Но я не должен здесь судить, оказывает ли религиозная мимикрия французской буржуазии, которая должна была сделать их похожими на старое дворянство, ожидаемую от нее защиту или нет; я только фиксирую факт этой мимикрии. Необходимым следствием является то, что все богатые и снобистские выскочки посылают своих сыновей в иезуитские средние и высшие школы. Быть воспитанным иезуитами считается признаком касты, очень похожим на членство в Жокей-клубе. Старые ученики иезуитов образуют «черное масонство», которое ревностно продвигает своих протеже в любой карьере, выдает их замуж за наследниц, спешит к ним на помощь в несчастье, заминает их грехи, подавляет скандалы и т. д. Именно иезуиты в течение последнего десятилетия заботились о том, чтобы привить свои собственные привычки мышления богатой и высокородной молодежи Франции, доверенной им. Эти юноши принесли мозги с наследственной недостаточностью, а потому мистически предрасположенные, в клерикальные школы, и те затем дали мистическим мыслям учеников-вырожденцев религиозное содержание.

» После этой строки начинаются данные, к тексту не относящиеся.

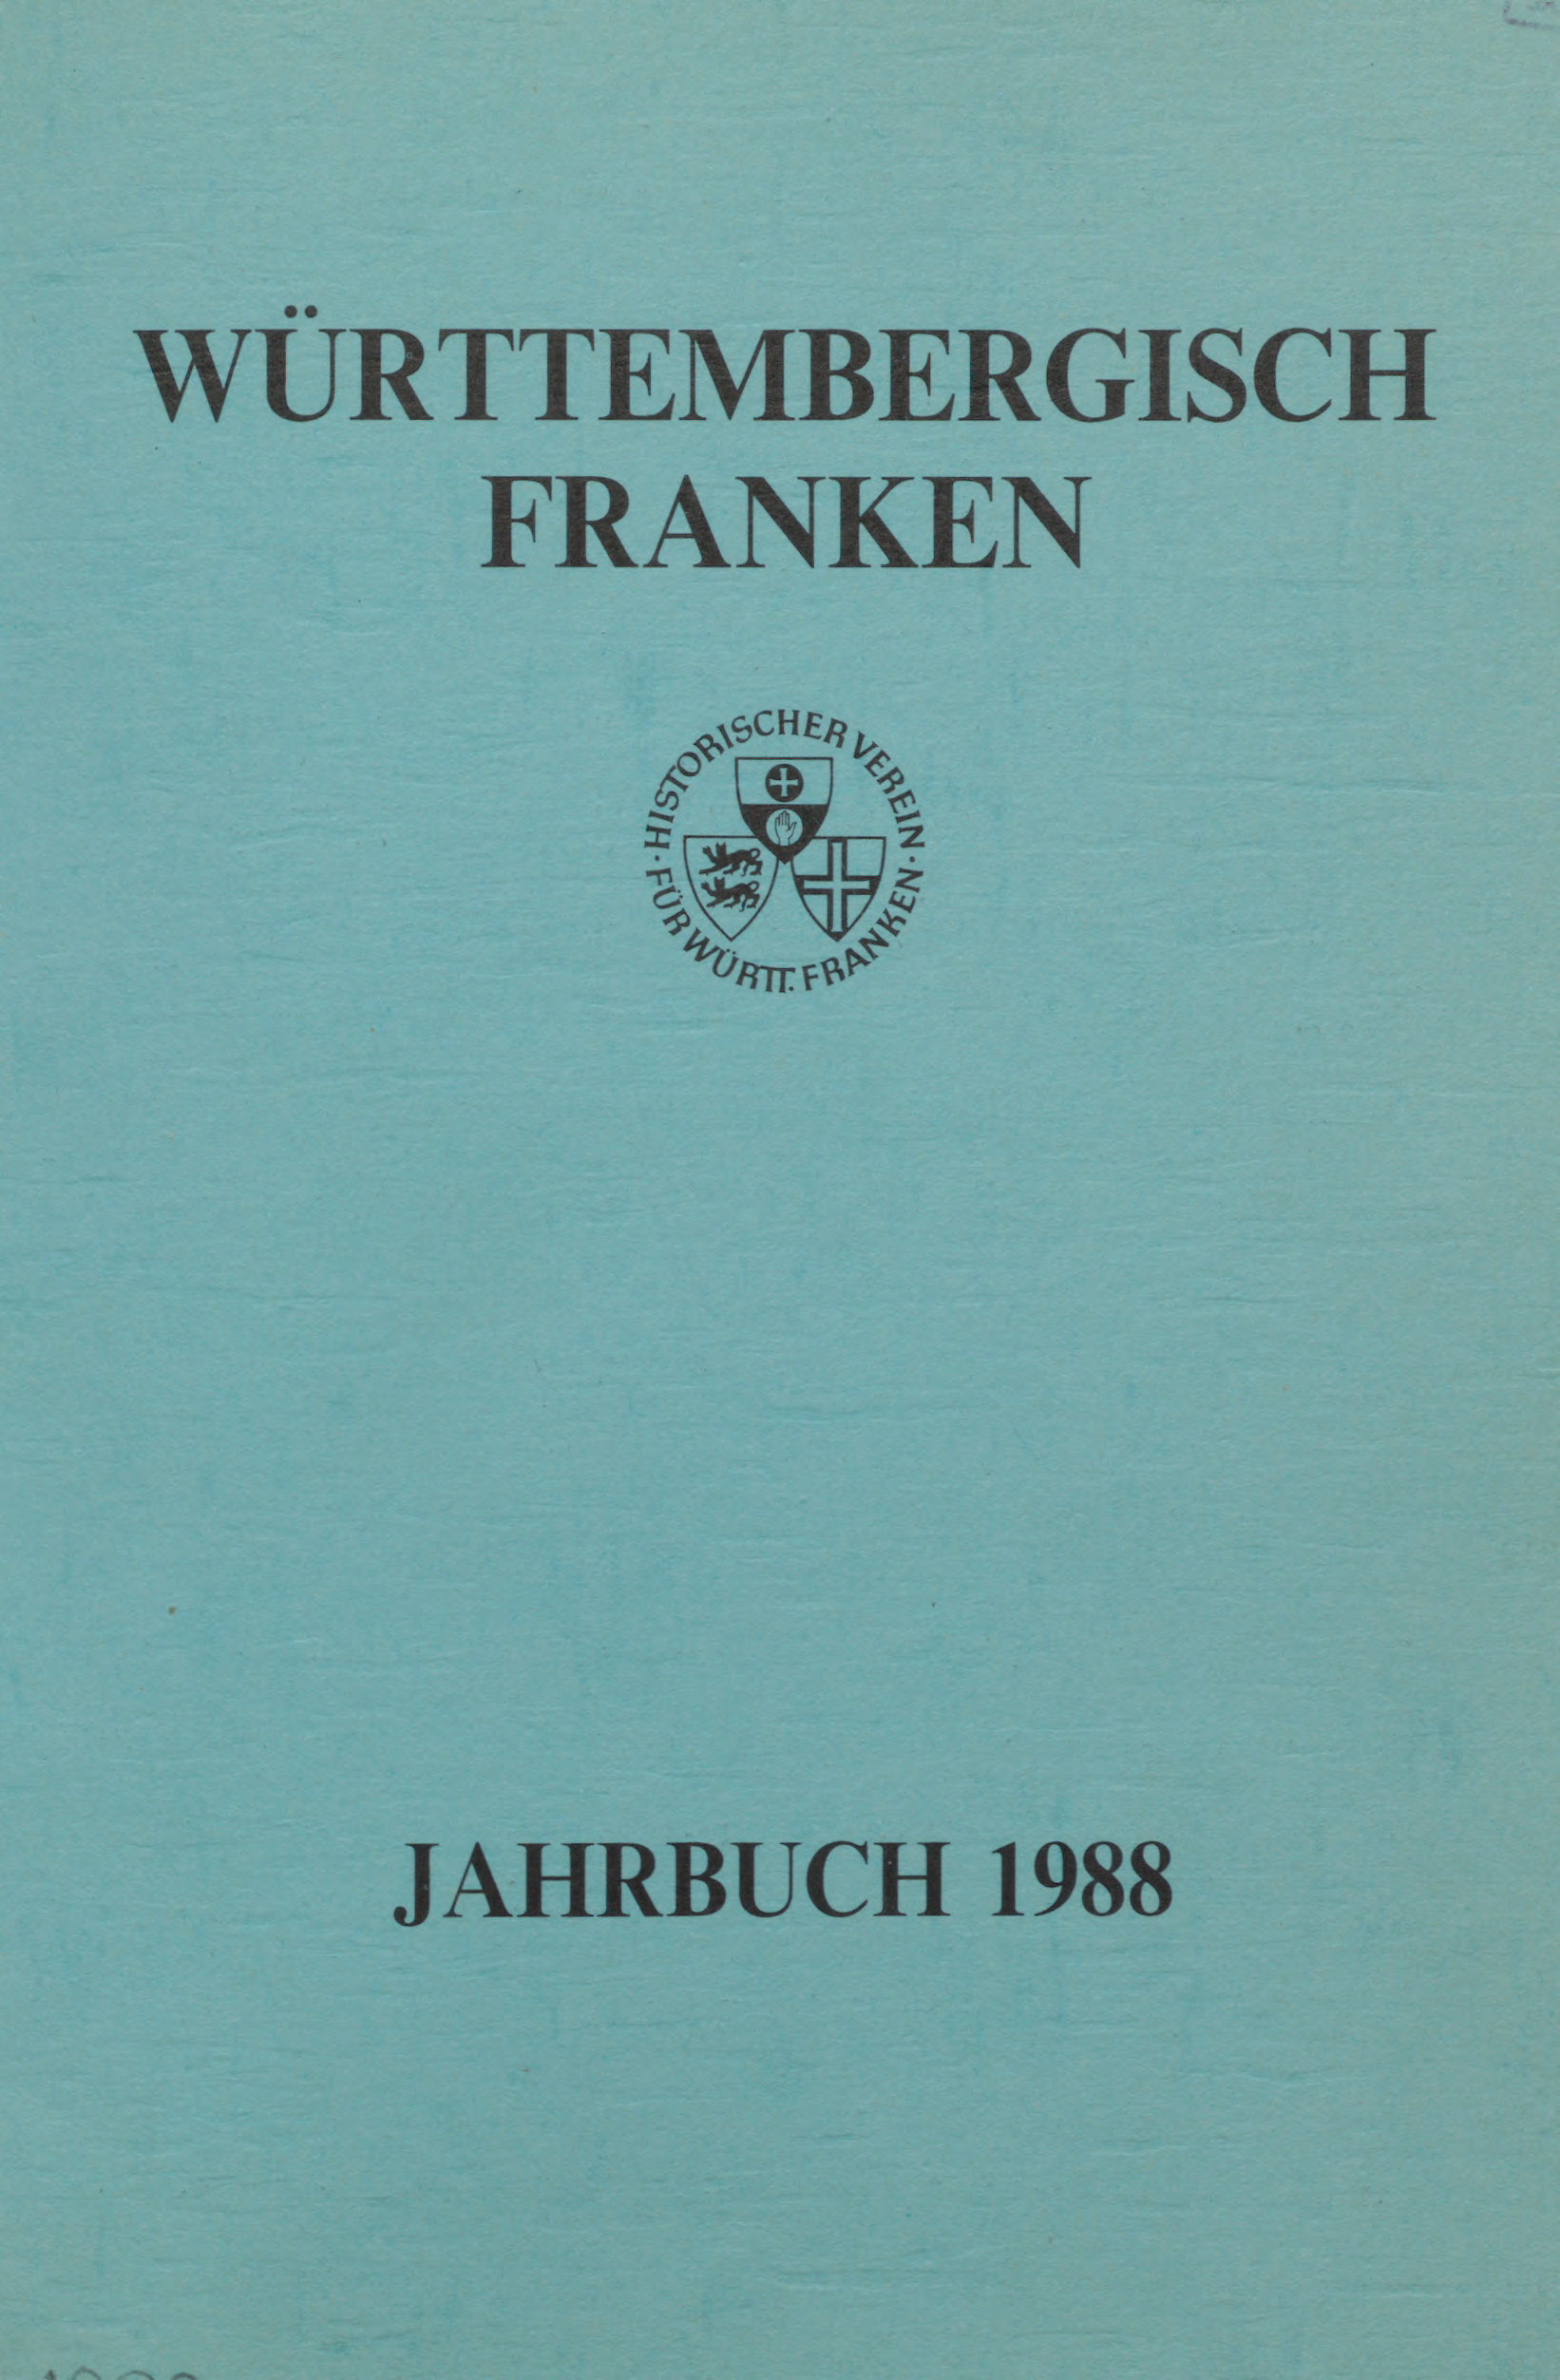                     Ansehen Bd. 72 (1988): Württembergisch Franken
                
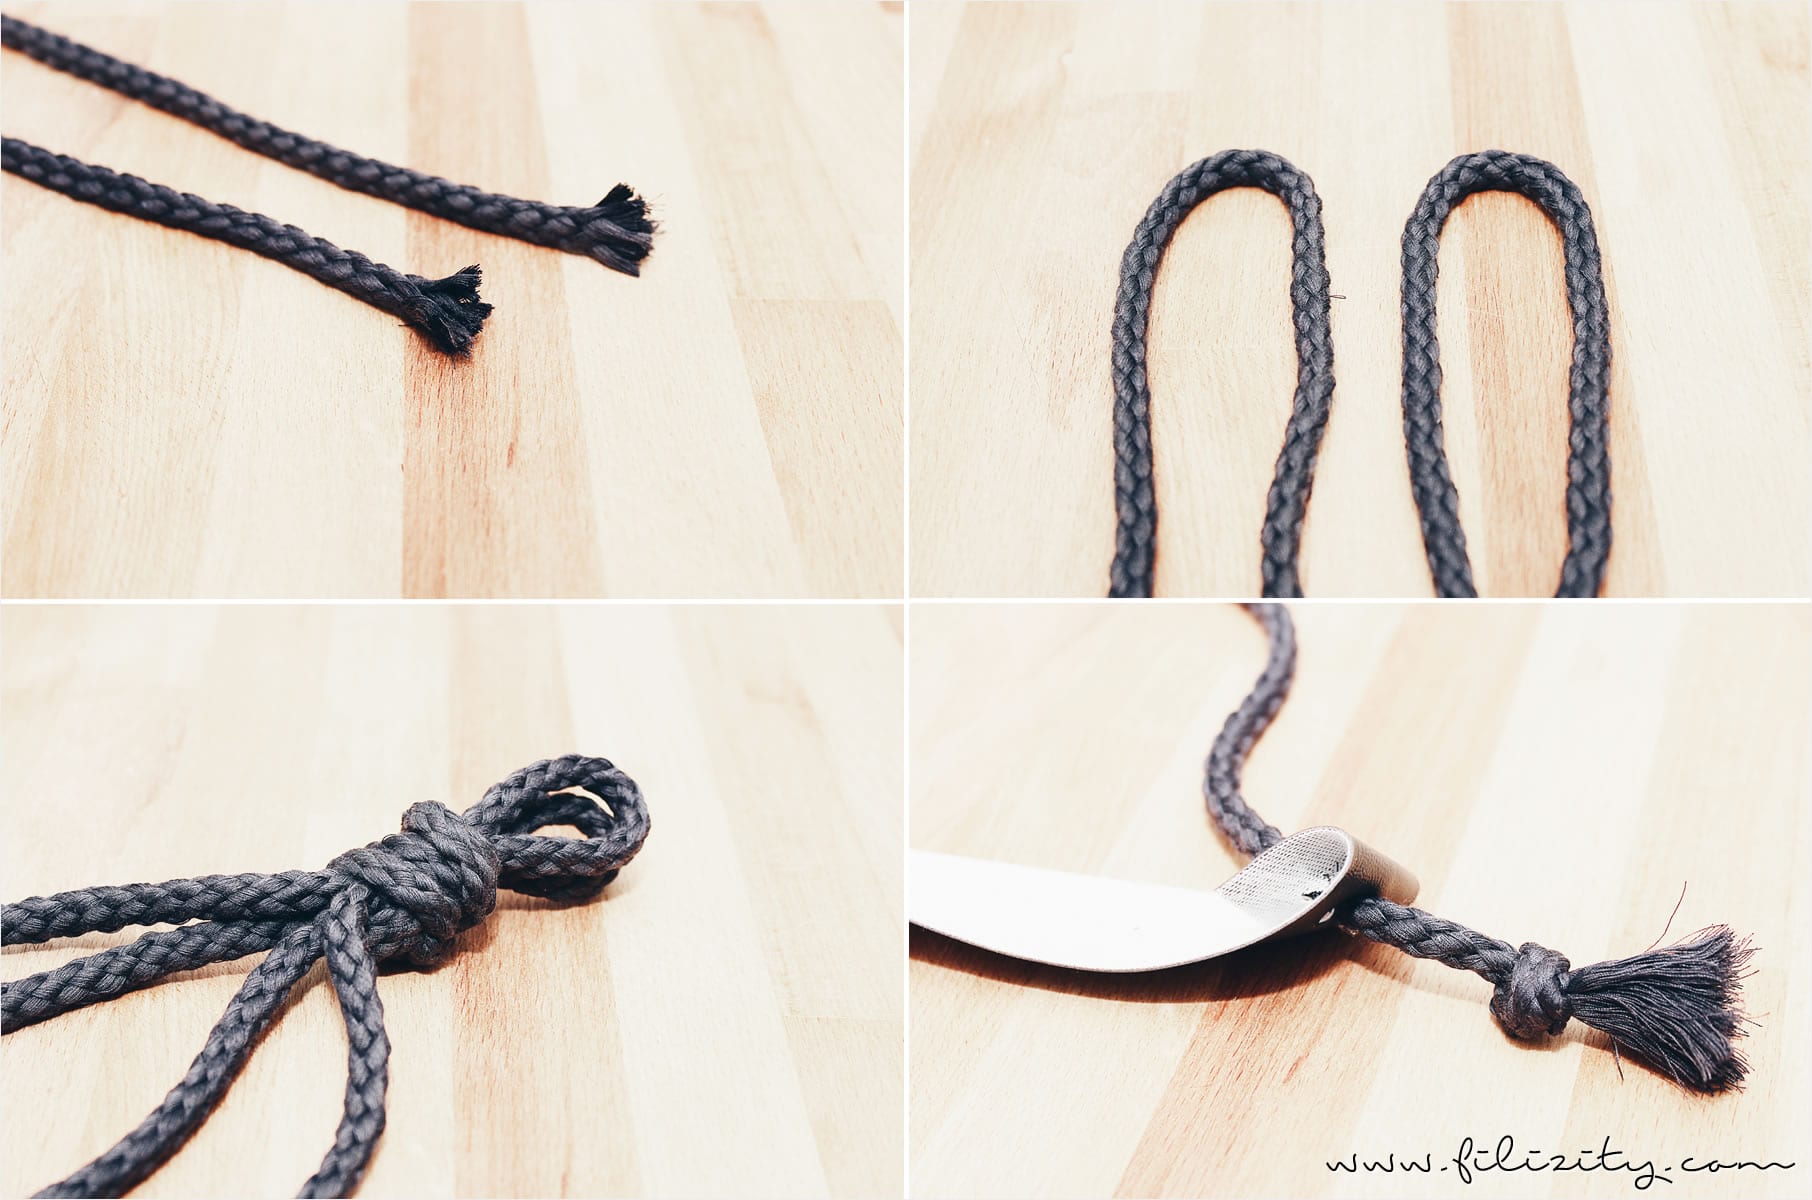 Wohntrend: Hänge-Deko | Holzregal mit Seil und Leder

Это не произвольное предположение, а хорошо обоснованный факт. Шарль Морис, эстетический теоретик и философ символистов, получил свое образование у иезуитов, согласно свидетельству его друзей [116]. Так же поступили Луи ле Кардоннель, Анри де Ренье и другие. Иезуиты изобрели фразу «банкротство науки», и их ученики повторяют ее вслед за ними, потому что она включает в себя правдоподобное объяснение их пиетистических мечтаний, реальные органические причины которых им неизвестны, да и, если бы они были известны, не были бы поняты. «Я возвращаюсь к вере, потому что наука меня не удовлетворяет» — это возможное утверждение. Это даже более высокая вещь, чтобы сказать, поскольку она предполагает жажду истины и благородный интерес к великим вопросам. Напротив, человек вряд ли будет готов признаться: «Я восторженный поклонник Троицы и Святой Девы, потому что я вырожденец, и мой мозг неспособен к вниманию и ясному мышлению».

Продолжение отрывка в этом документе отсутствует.